Does Parolee Drug Testing Influence Employment and Education Outcomes?
Evidence from a Randomized Experiment with Noncompliance
Published In: Journal of quantitative Criminology, v. 24, no. 1, Mar. 2008, p. 93-123
Posted on RAND.org on December 31, 2007
Despite the ubiquity of drug testing in criminal justice settings, there is little experimental evidence suggesting that testing reduces drug use or engenders pro-social behavior. This paper estimates the effect of parolee drug testing on labor and education outcomes with data from a randomized experiment involving 1,958 young parolees.
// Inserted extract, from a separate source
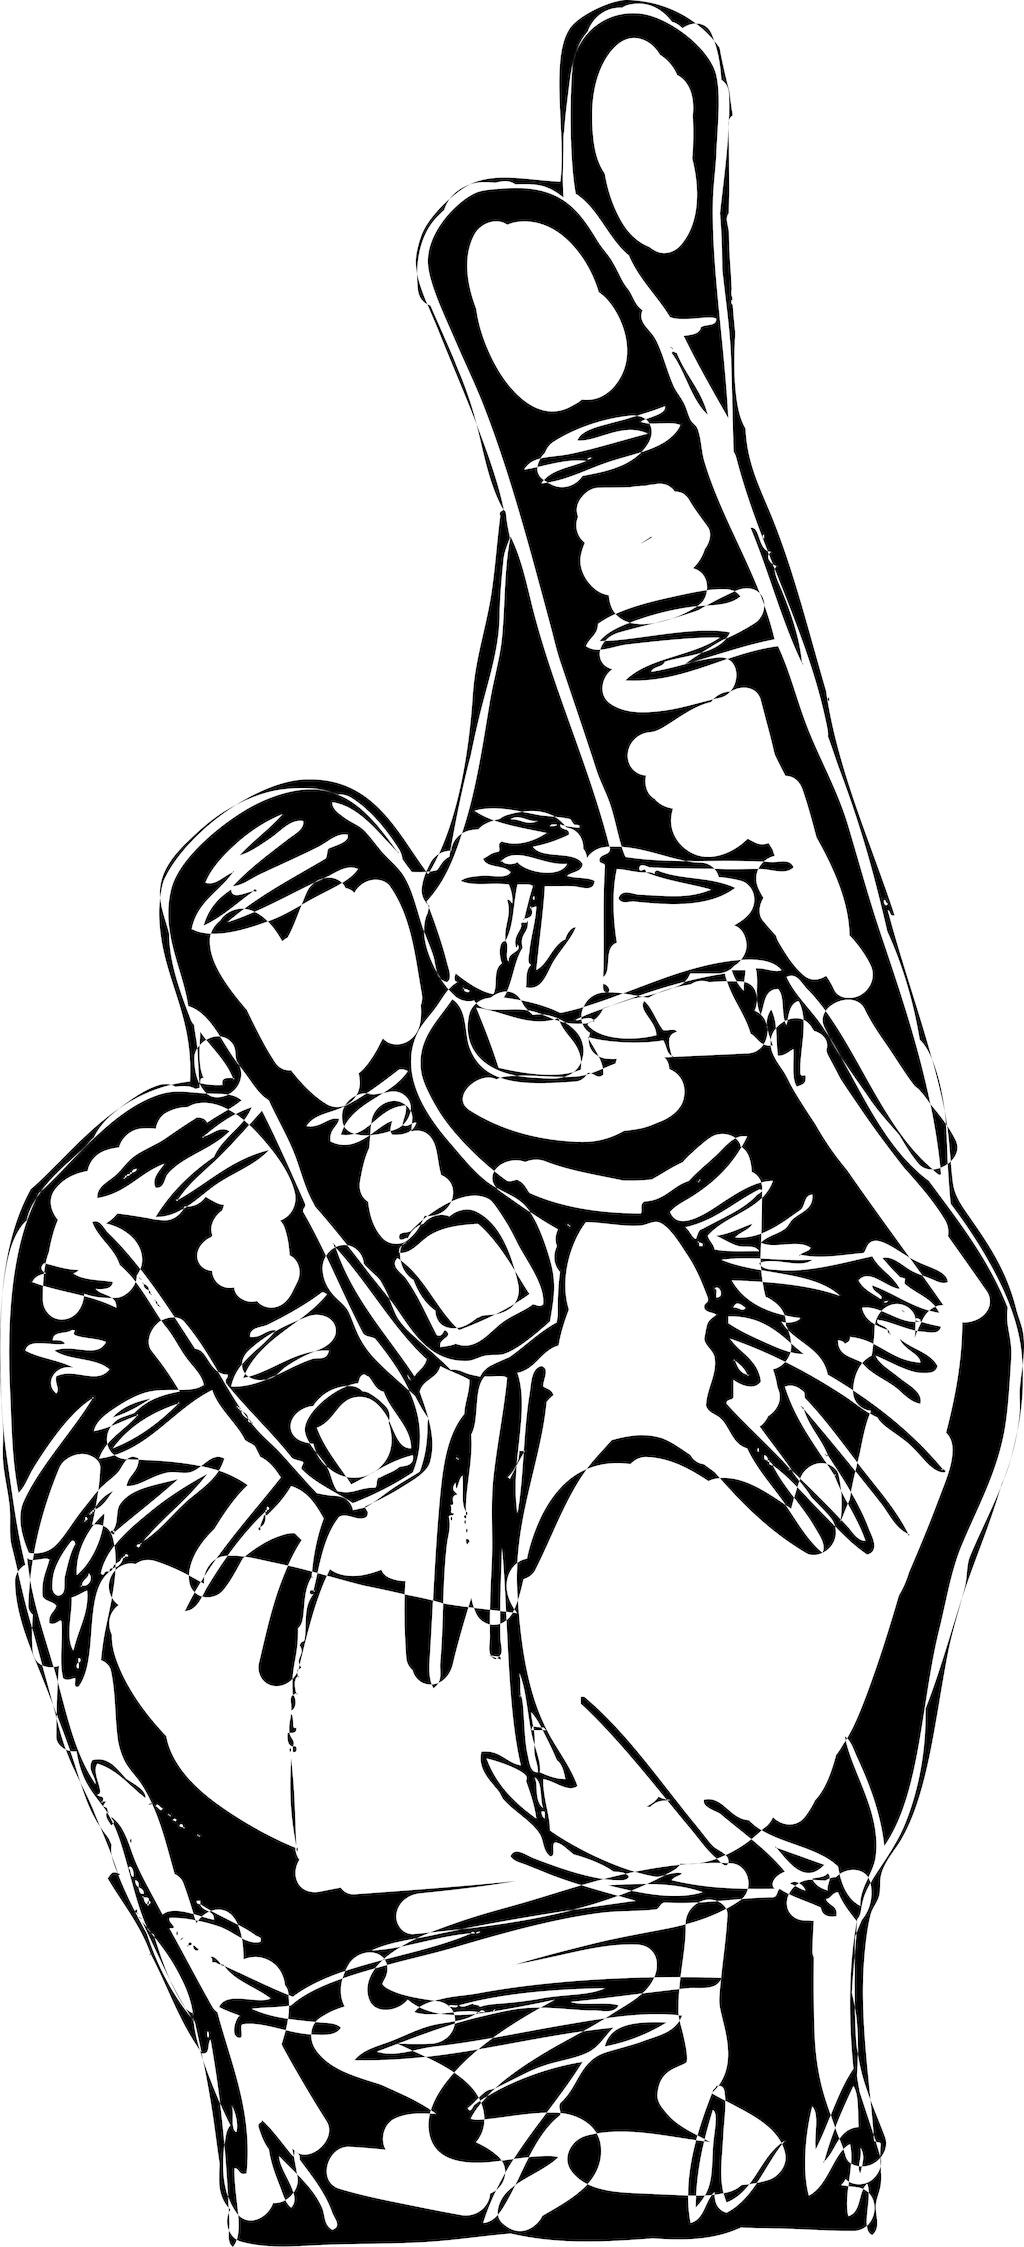 交叉手指的手绘插画矢量

It provides the first estimates in the literature suggesting that drug testing with graduated sanctions can improve short-run employment and education outcomes for parolees. After controlling for parole office fixed effects, juvenile criminal history, and a host of other covariates, the analyses suggest that parolees randomly assigned to testing are 6-8 percentage points (~11%) less likely to be unemployed and not in school for the month following release to parole when compared to those assigned to the no-testing condition. Racially- and ethnically-stratified analyses find that Hispanics assigned to testing are 10-13 percentage points (~22%) less likely to be unemployed and not in school, while the estimated coefficient for Blacks is statistically insignificant and hovers around zero. Analyses that use instrumental variable techniques to account for noncompliance by parole officers yield local average treatment effects that are almost twice as large as the intention-to-treat effects.